Tuesday, January 09, 2007
to the 2L students in my family law class...
dear 2Ls in my family law class,
i'm sorry i was so angry and bitched that i hate you all today after class when my friend came in for tax (the classes are in the same room). i know that some of you heard me, and it wasn't very cool for me to be such a raging asshole. because, really, i suck just as much. i mean, it's not like i raised my hand to argue that maybe actions based on breach of contract in anticipation of marriage should examine fault of the parties, even though i think that sometimes they should, and that taking a purely no-fault approach, while "easier" on the courts, is fundamentally inadequate.

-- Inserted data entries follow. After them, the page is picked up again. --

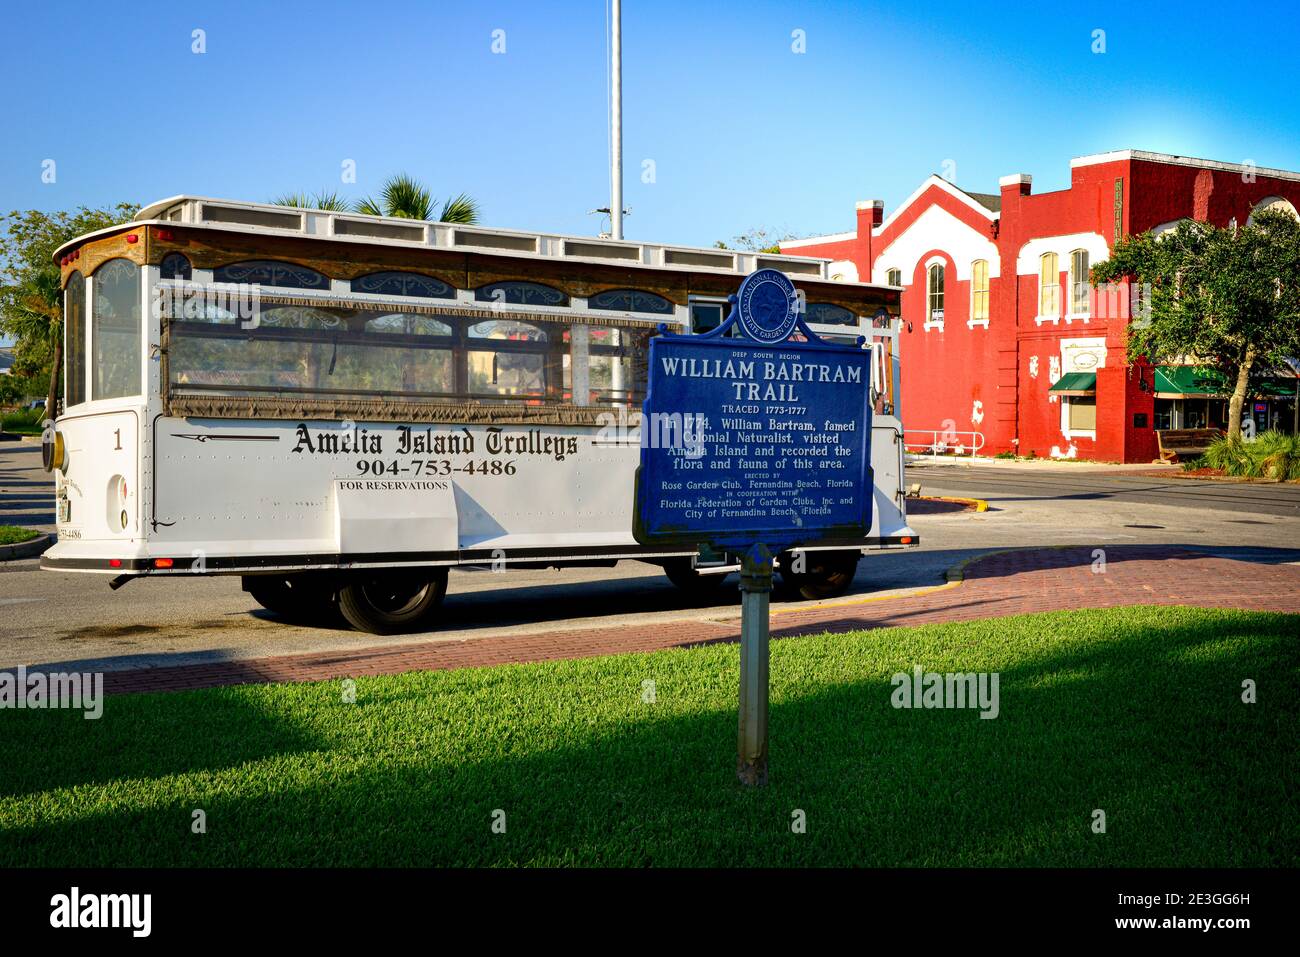 Un autobus Vintage tour dei Trolley dell'Isola di Amelia, nel quartiere storico di Fernandina Beach, con segno storico per il naturalista, William Bartram, FL Foto Stock
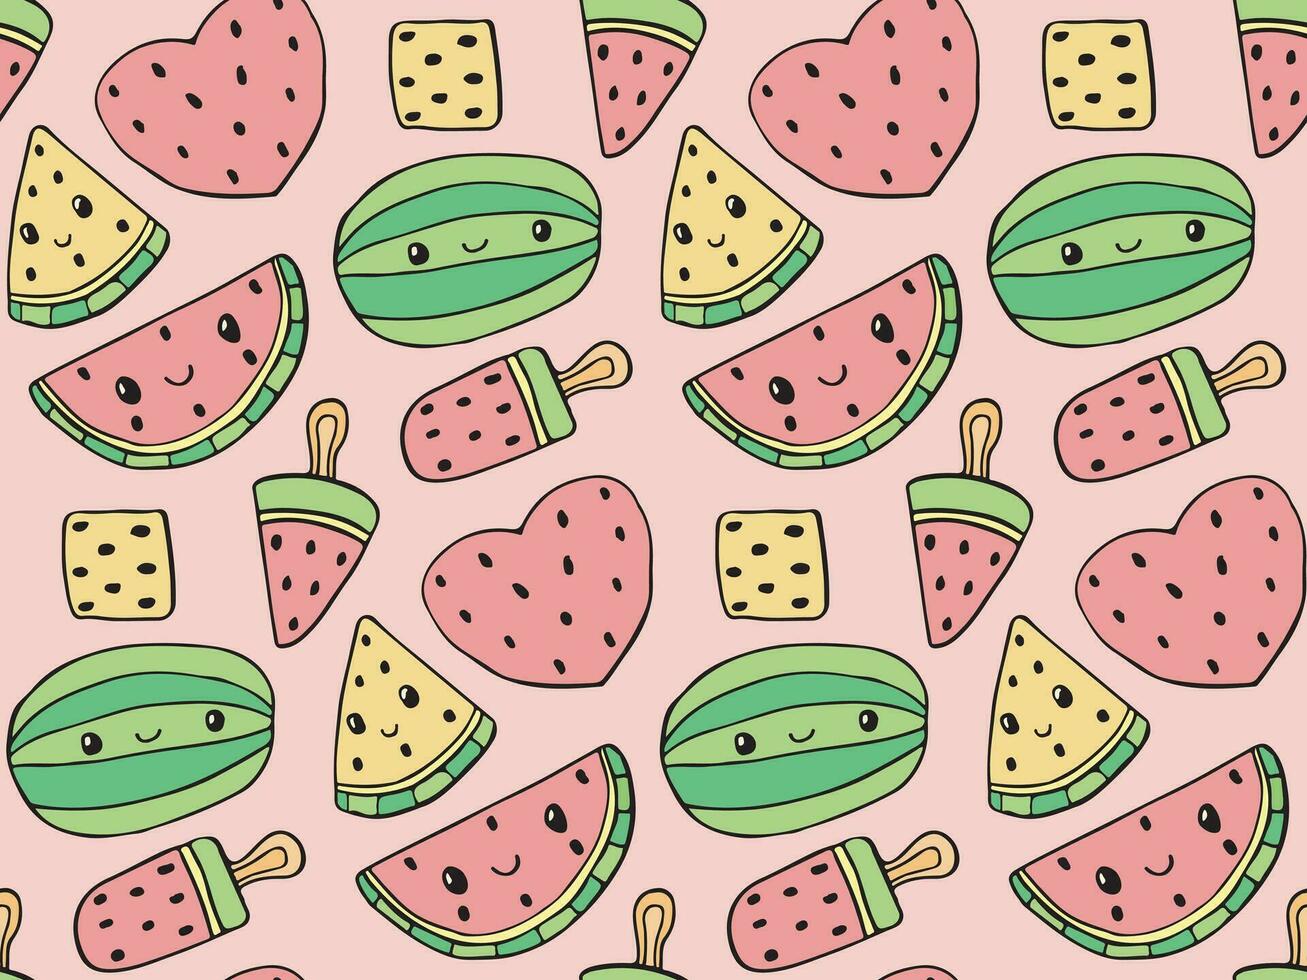 süß Vektor Wassermelone Tag Textur, nahtlos Sommer- tropisch Obst Muster, saftig Verpackung und Scrapbooking Papier, Wassermelone Scheibe und Eis Sahne Stoff
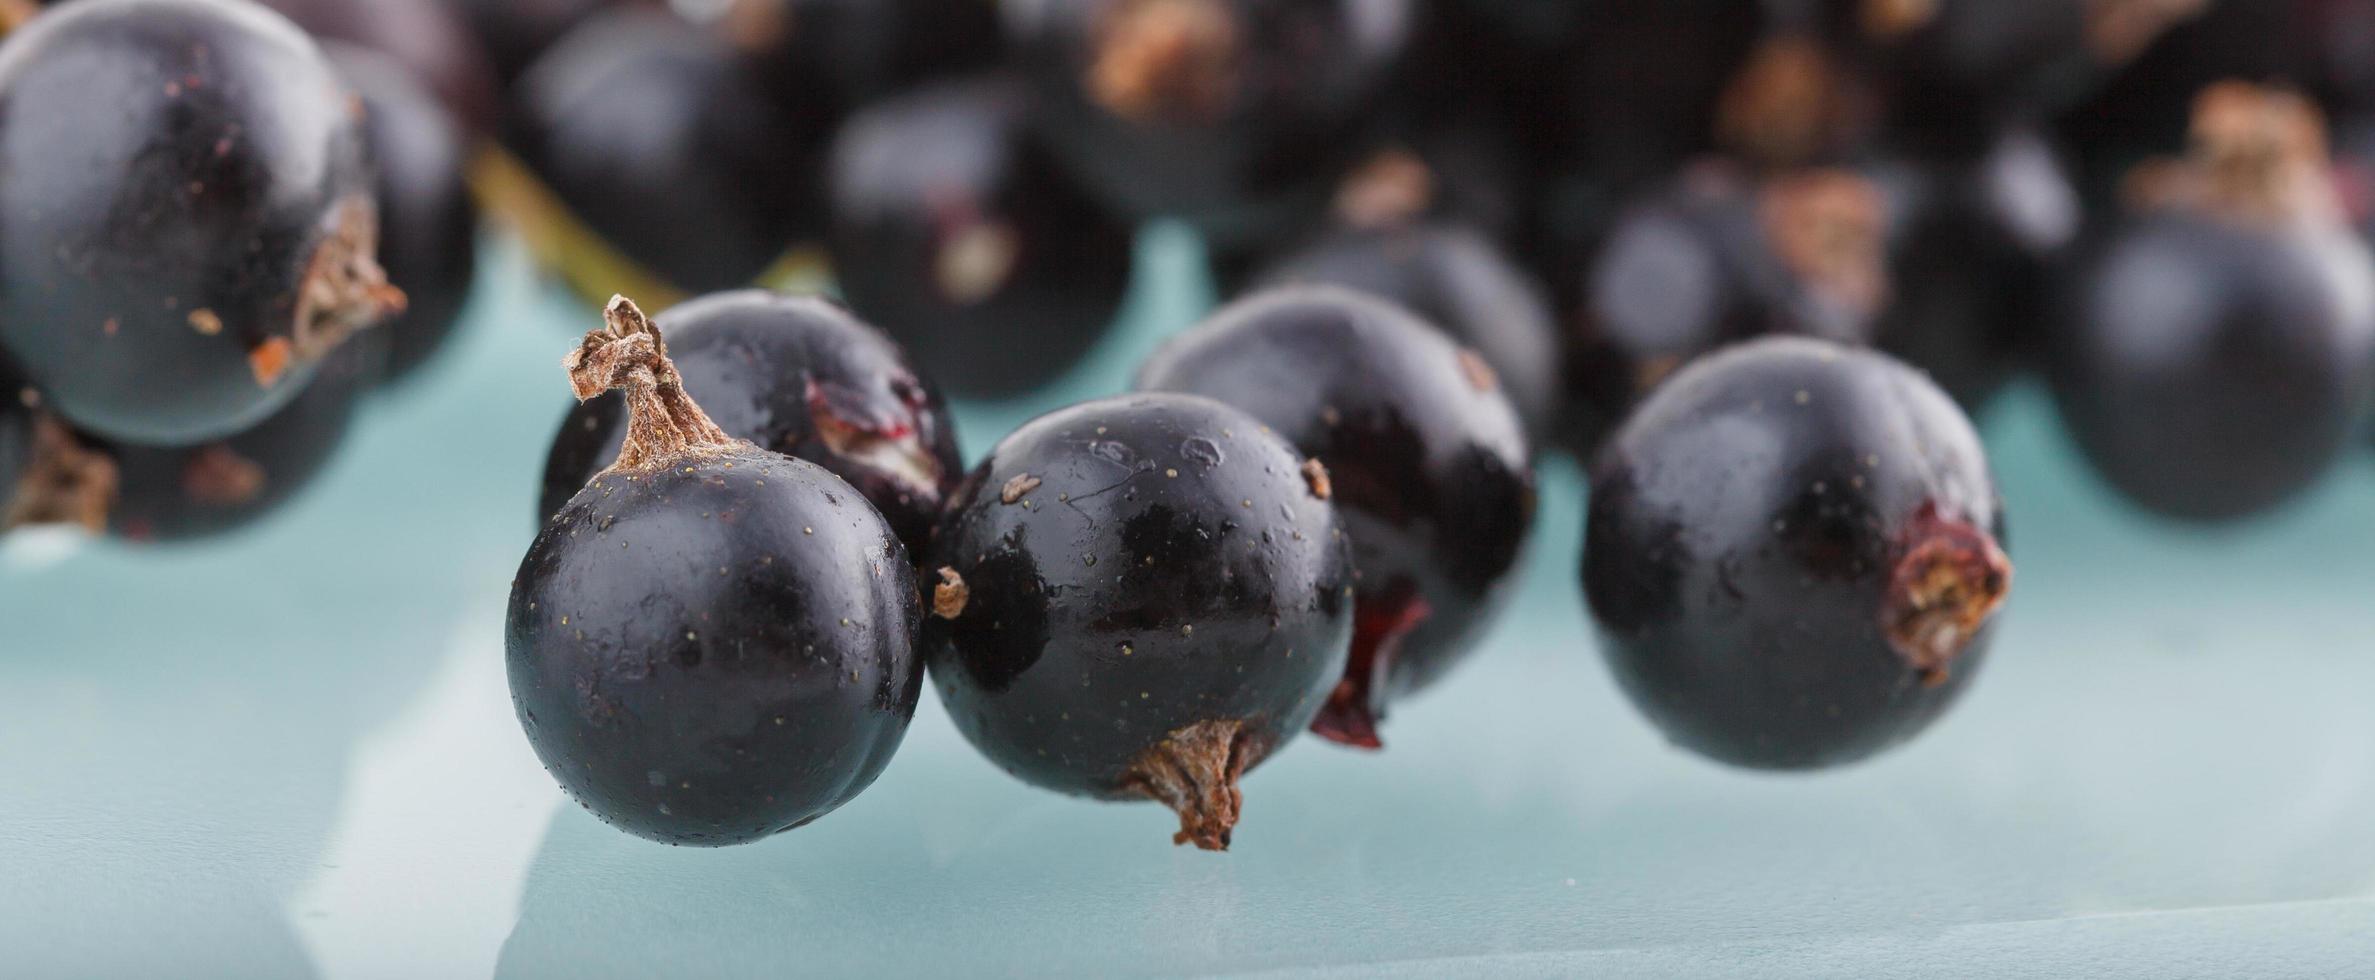 zwarte bes, bessen uit de gezonde biotuin zomersmaak wilde vruchten foto
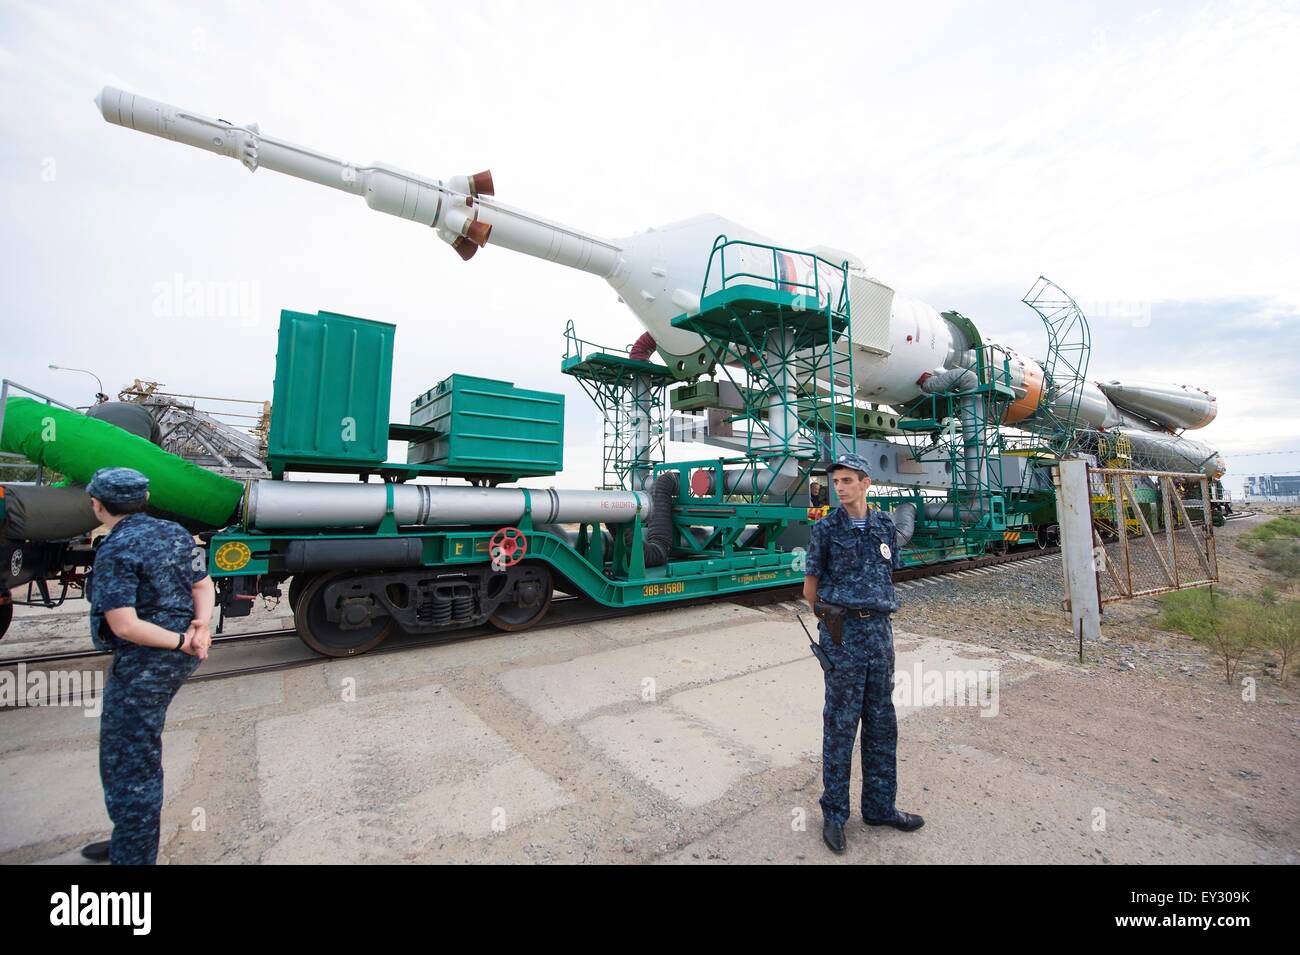 Cosmodromo di Baikonur in Kazakhstan. Il 20 luglio, 2015. Il Soyuz TMA-17M veicolo spaziale è rotolato fuori dal treno per il lancio al cosmodromo di Baikonur Luglio 20, 2015 in Kazakistan. Lancio del razzo Soyuz è prevista per il mese di luglio 23 e porterà Expedition 44 equipaggio alla Stazione spaziale internazionale. Foto Stock

so, i'm sorry. i was totally "that" 3L today, and i hang my head in shame. i promise that next time i bitch about you, i will do so while out of earshot.
love,
emily
the last first day of school...
hey! whoa! happy new year from throckmorton!
a certain member of my reading public (who anymore is probably my only reader) has chastised me several times for not blogging as much these days. was i swept under the rug of the holiday madness? have i finally been lost in the rolling sea of law? am i on boyfriend island?
no, just full of neglect. inexcusably, apologetically, despicably...
anyhoo, today was a momentous occasion -- not only did OSU lose the BCS championship game (woot!), but today was my very last first day of school. ever! (probably.) i began my very last semester of law school today. this crazy ride will reach the bottom of it's downward slippery slope in a wee four months. holy crap! where has it all gone?
truth be told, i'm a bit sad about it. donny called me a romantic today for waxing nostalgic about the past 2.5 years, but i don't care. i've enjoyed this law school process. i really have. and i'll be sad to see it go.
in other news, i made my karaoke debut at arsenal lanes' friday karaoke bowling night. i blame sandy. she practically forced me into it by making me drink beers and tempting me with journey songs. wanna know what we sang? in honor of pittsburgh, and the song that i've heard more often since living here than any other bad corporate rock tune, we sang "don't stop believin'". and it was fantastic. there was air guitar and dancing and lots of gratuitous use of the metal sign. and the best thing about karaoke? when you're up there, you can't even hear yourself, so you're forever spared from just how horribly you're actually bombing in front of the mic and the teleprompter thingy. hooray!
as for the athletic portion of the evening, i bowled a 56 and an 87. i am awesome.
i leave for vegas in 2 days! expect blog posts!